Сгреб я со стола коробку раскупоренных сардинок, запустил ими ей в морду и выбежал в коридор. Кричу, требую управляющего.

Прибежал.

— Куда у вас здесь девался мошенник Рыков из двадцать седьмого номера?

— Да он еще вчера к ночи расплатился, потребовал паспорт и уехал.

— Куда уехал?

— Этого мы знать не можем.

Я рассказал управляющему, как обмошенничал меня этот самый Рыков со всей своей шайкой. Управляющий развел руками, пожал плечами да и посоветовал обратиться в сыскную полицию.

Я конечно, туда отправился немедля, повидал начальника господина Кошкина, обещал принести ему эту тетрадь и, вернувшись от него, скорее записал все, что произошло со мной сегодня. Теперь бегу к нему с тетрадью. Что-то будет! Эх, Синюхин, дал маху ты, братец!..»


* * *

Этим заканчивается дневник Синюхина. Уже шел четвертый час ночи.

Глаза мои слипались, но, засыпая, я невольно обдумывал синюхинское дело. Не подлежало сомнению, что елабужский донжуан налетел на шайку ловких мошенников. Это явствовало хотя бы из той предусмотрительности «графини», каковую она проявила перед знакомством с Синюхиным. Она потребовала от него фотографию и письмо с подробным «жизнеописанием». И то и другое ей были нужны для того, чтобы составить себе точное представление о миросозерцании и, так сказать, культурном уровне Синюхина.

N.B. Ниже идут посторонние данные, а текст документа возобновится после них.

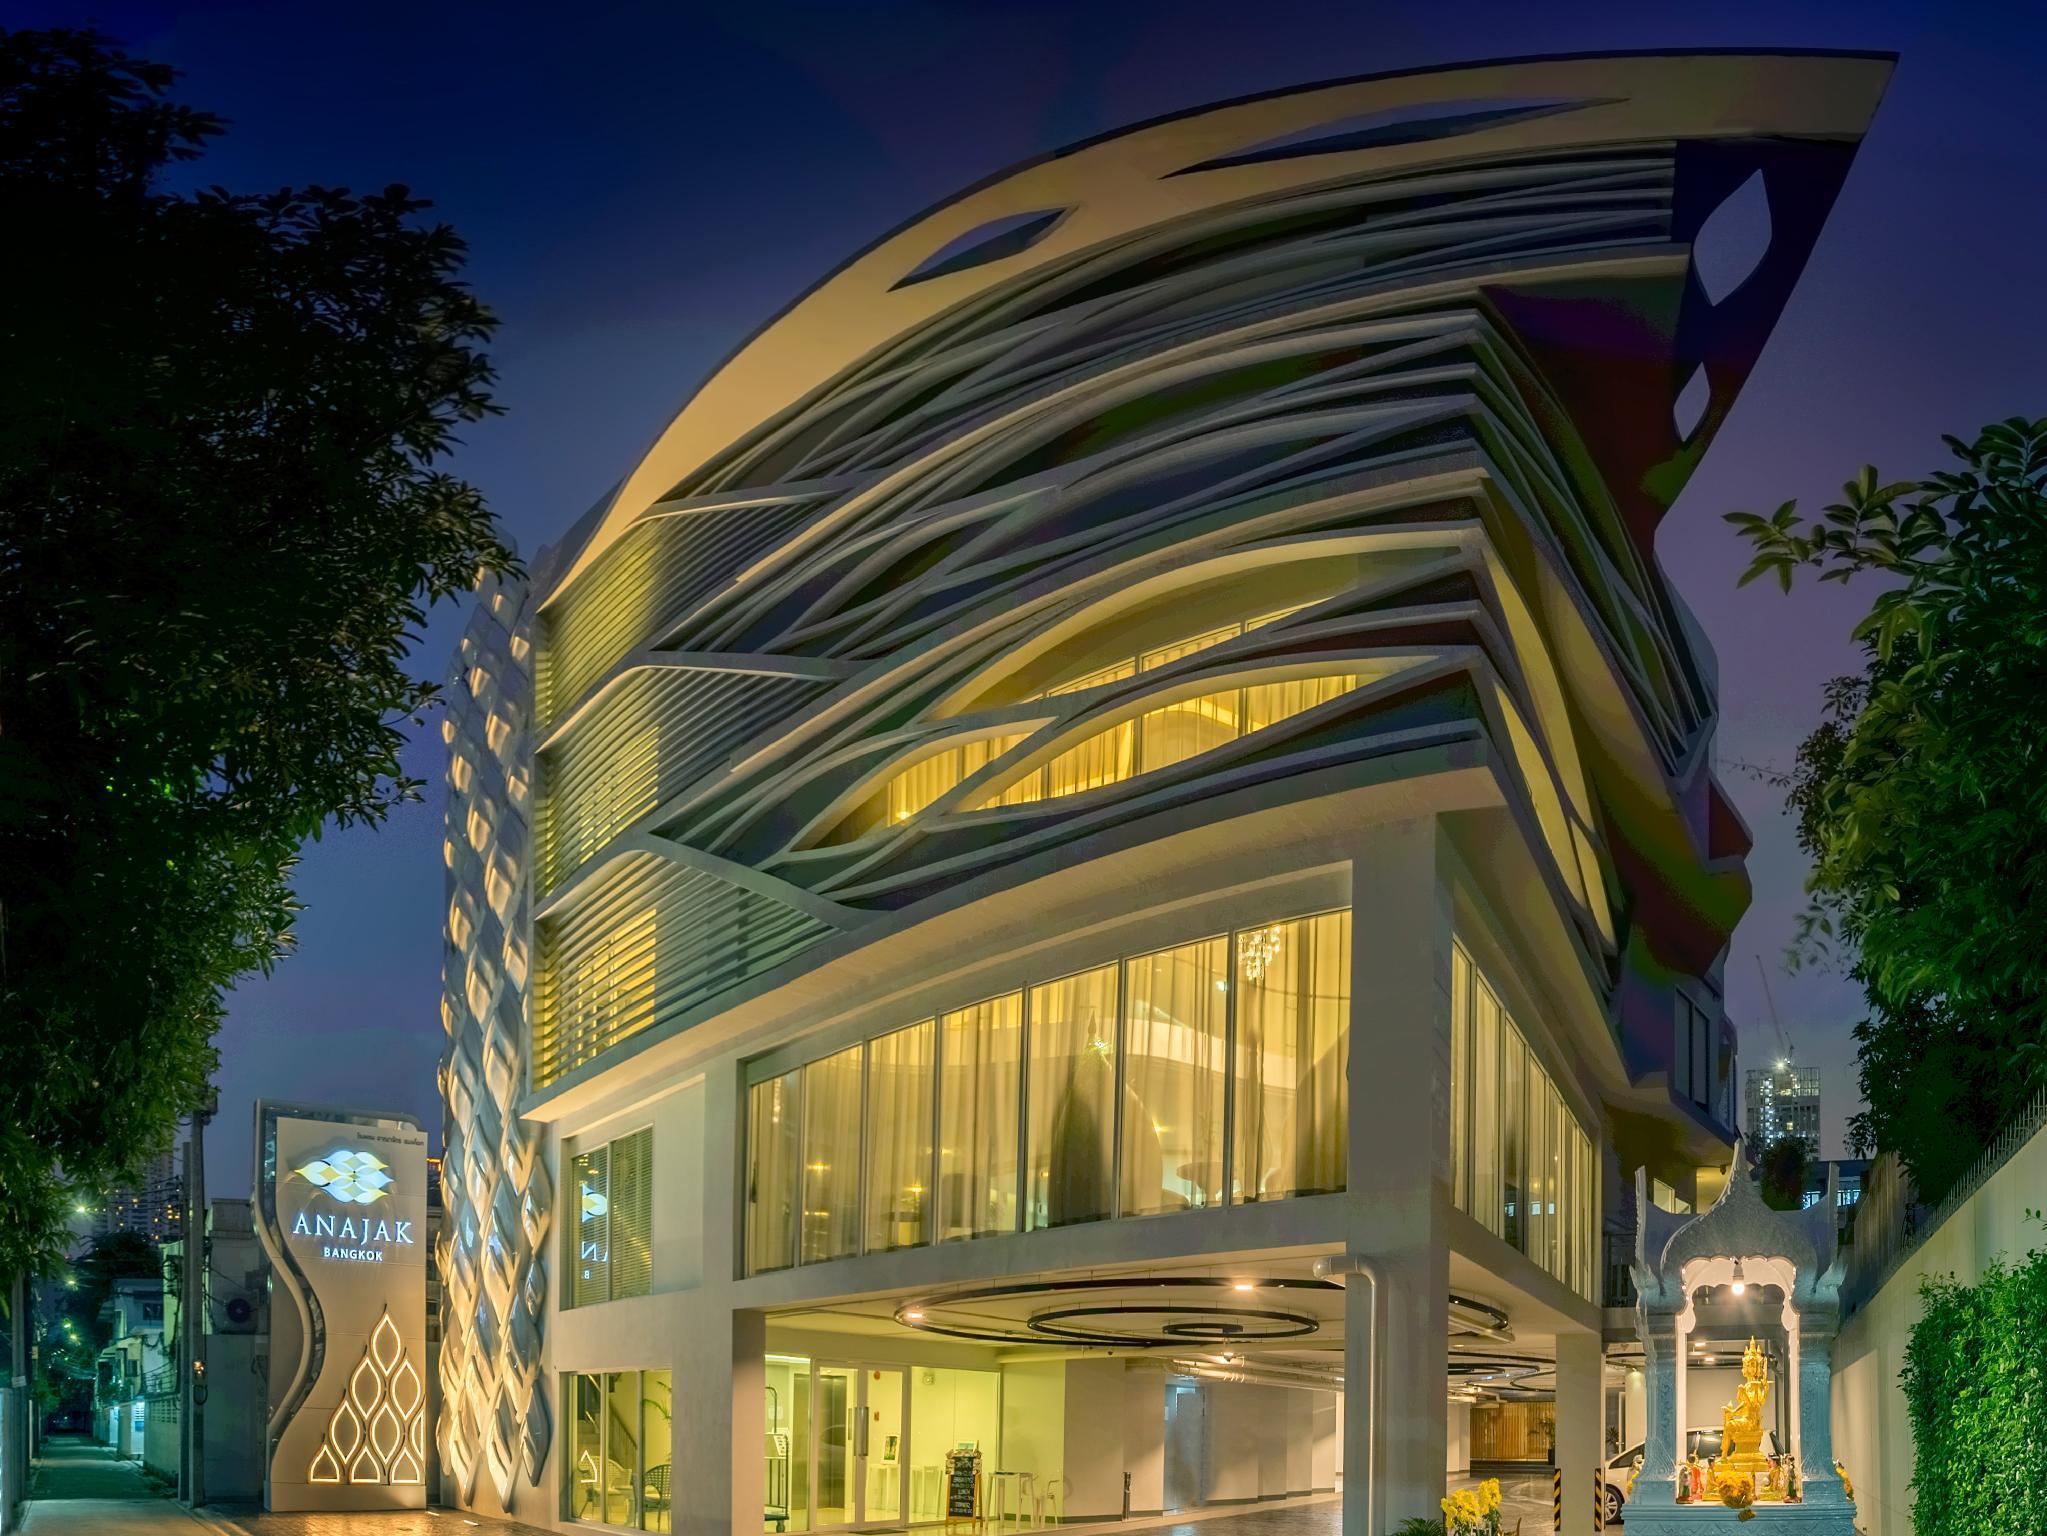 Anajak Bangkok Hotel Anajak Bangkok Hotel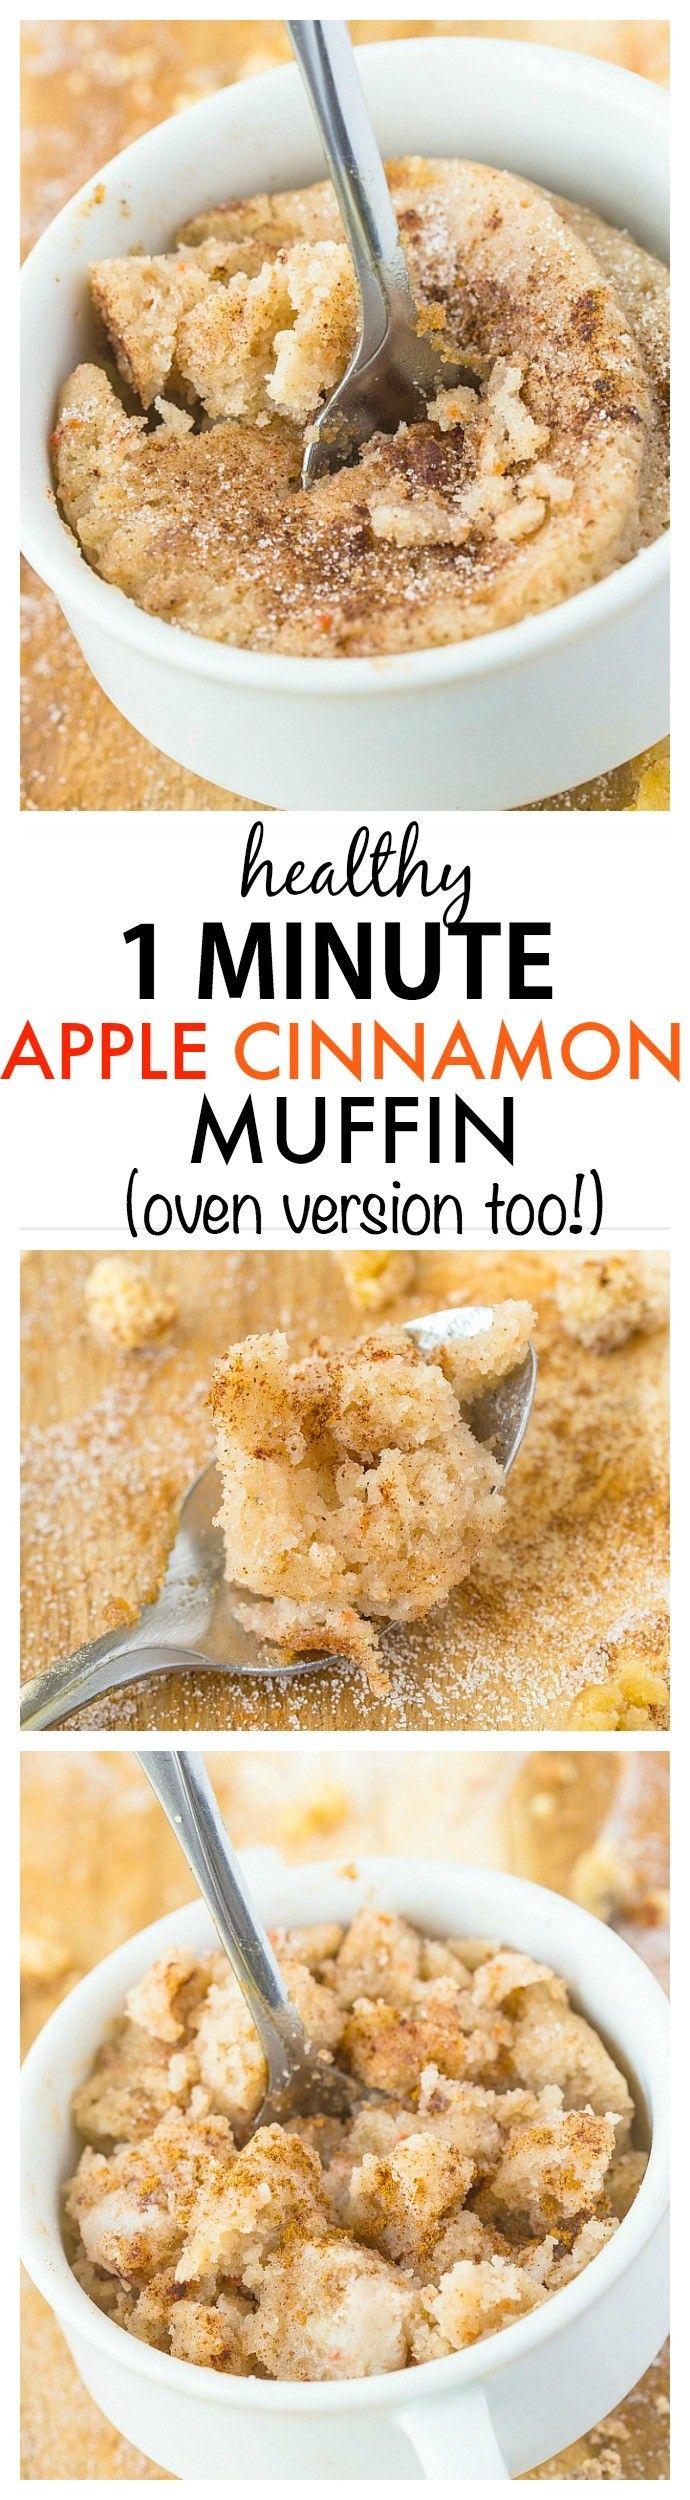 Healthy 1 Minute Apple Cinnamon Muffin

Последний постарался блеснуть образованностью и наворотил ей такое письмо, ознакомившись с которым «графиня» нашла возможным применить, не стесняясь, грубую тактику и повела игру хотя и не тонкую, но достаточно убедительную для Синюхина. Я решил было заняться этим делом лично, но мне это не удалось, так как на следующий день я совершенно неожиданно получил срочную телеграмму от министра юстиции Щегловитова, вызывающего меня в Петербург. Я предполагал истратить на эту поездку не более 3–4 дней, но просидел в Петербурге более месяца, так как министр поручил мне подробно ознакомиться с огромным материалом, накопившимся по громкому делу Бейлиса и дать по этому делу мое заключение, что я и исполнил. Таким образом, всю текущую работу в Москве (в том числе и синюхинское дело) мне пришлось передать на это время моему помощнику В. Е. Андрееву. Вот почему я не знаю, вернее, не помню, чем закончилась эпопея елабужского простофили. Я не знаю также, дул ли «сирокко» при возвращении последнего в Елабугу, но знаю наверное, что вернулся он туда в блестящем одиночестве — «без нежного бутона, увенчанного девятиглавой короной».

Тяжелое воспоминание

Как-то ко мне в кабинет вбежал взволнованный надзиратель и доложил:

— Господин начальник, сейчас какой-то негодяй выстрелом из револьвера уложил на месте нашего постового городового Алексеева. Он схвачен, обезоружен и приведен сюда. Как прикажете быть?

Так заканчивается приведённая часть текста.